The lawmakers wrote that Öztürk was “inadequately fed, kept in facilities with extremely cold temperatures and denied personal necessities and religious accommodations.” They also allege a lack of medical care, writing that officers did not provide her with prescribed medication for asthma.

“Despite all this — and despite being far from her loved ones — we were struck by her unwavering spirit,” they wrote.

A federal judge recently ruled the Trump administration must return Öztürk to Vermont, setting a deadline of May 1 for the government to enact the order.

After leaving Louisiana, Representative Pressley discussed her experience at the facility at a press conference in Boston Logan Airport.

“Rümeysa herself shared the story of having to wait three days, despite repeated requests, simply for toilet paper.

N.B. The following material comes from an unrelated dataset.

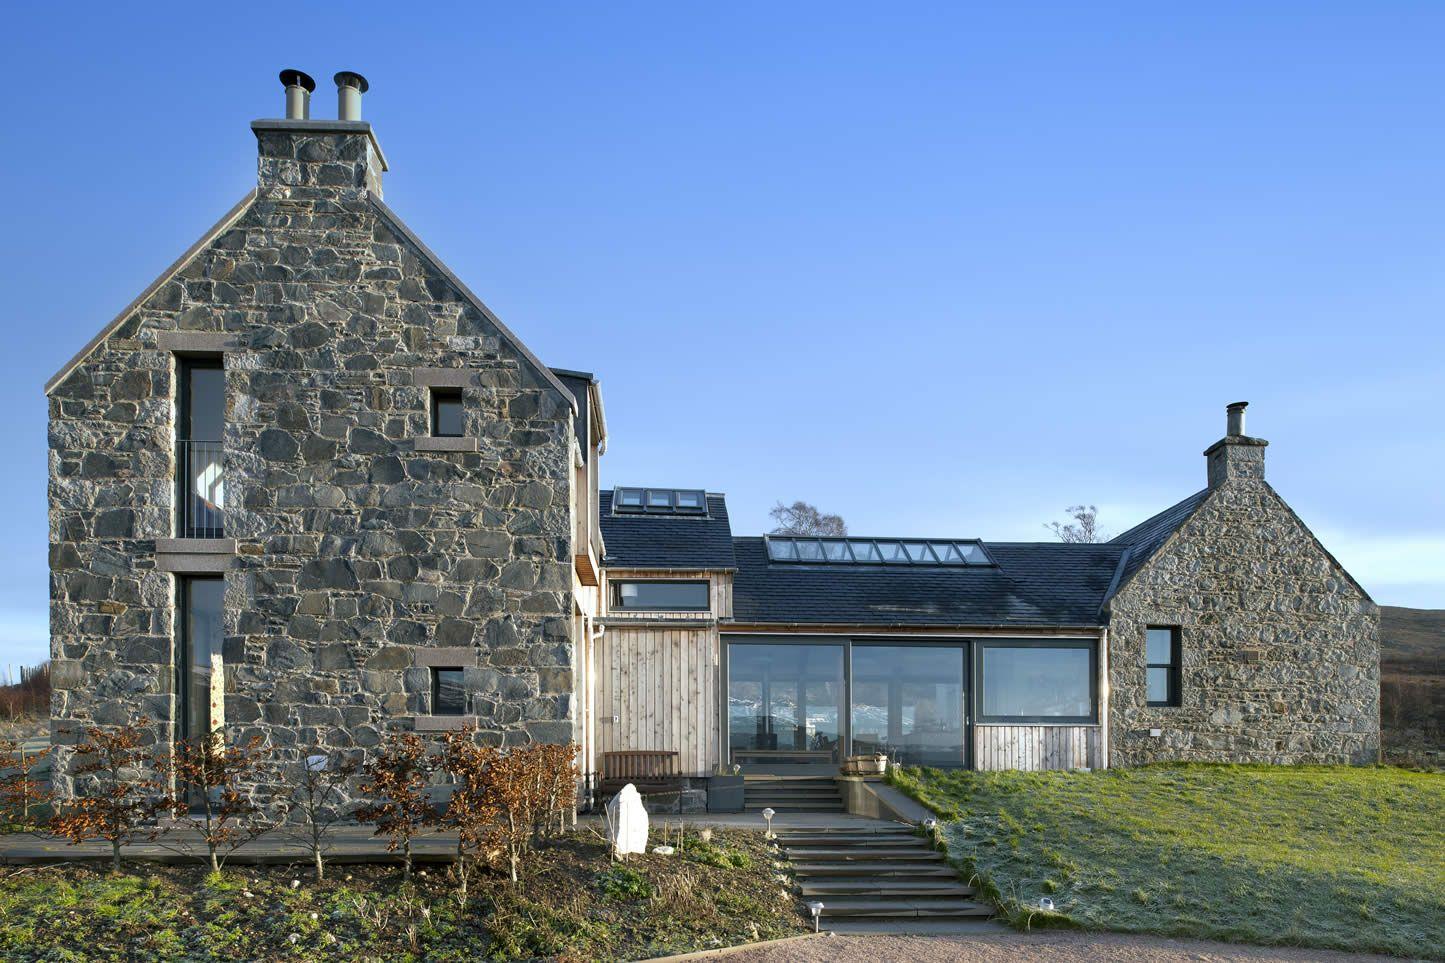 Modern Stone Cottage stone house designedpeter legge associates ; connemara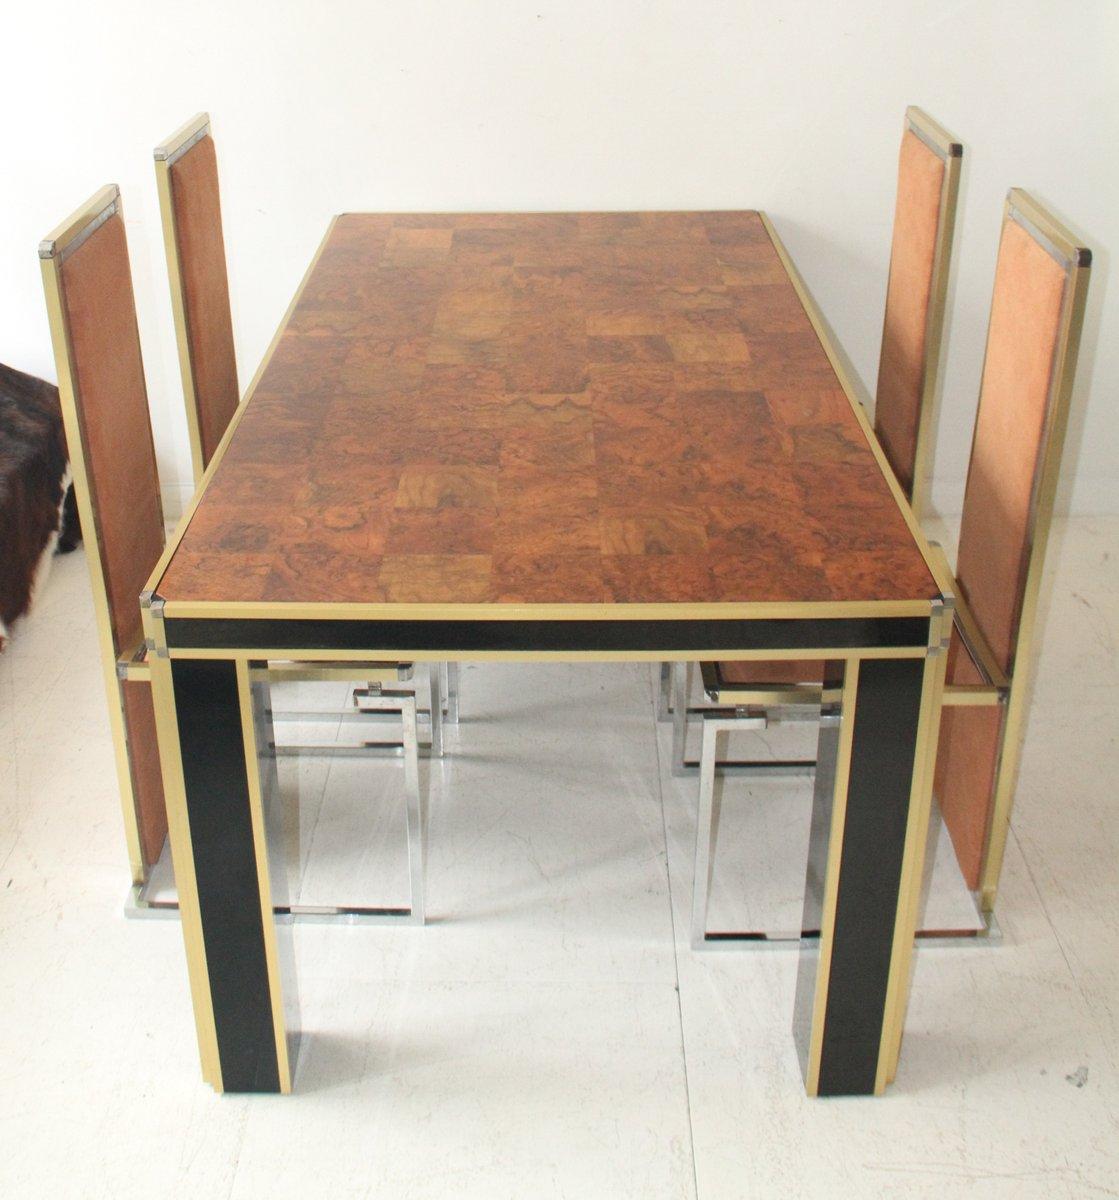 Table de salle manger vintage en noyer vernis par willy rizzo italie - Salle a manger en solde ...

And you can’t even get an extra blanket at night when you are cold,” she said. “The cruelty is the point.”

“The women that I met are mothers, daughters, sisters, wives, artists, teachers, activists. They are humiliated daily, degraded, and denied the basic necessities of any human being,” Pressley added.

A senior DHS official denied these claims in a statement to The Crimson, saying that Öztürk was put in contact with her lawyer “within hours of her arrival at the facility.”

“Daily inspections are conducted by the facility administrator, and there have been no reports or documented complaints of rodent activity,” the official wrote. “ICE has also provided Ms. Ozturk with prompt medical care and services, and she has not filed any grievances regarding delayed medical care.”

The DHS official then doubled down on the Trump administration’s recent threats to international student visas.

“Being granted a visa to live and study in the United States is a privilege not a right,” the official wrote. “The State Department makes specific determinations about visa revocations when an individual poses a threat to national security.”

The federal government previously revoked the visas of a dozen Harvard students and recent graduates but then reversed course and restored them. Though the State Department restored the Harvard affiliates’ visas, thousands of international students across the nation remain without a visa renewal.

Lawmakers called Öztürk’s visa revocation and subsequent arrest an instance of “democracy being put to the test.”

“This is not immigration enforcement. This is repression. This is authoritarianism,” the lawmakers wrote.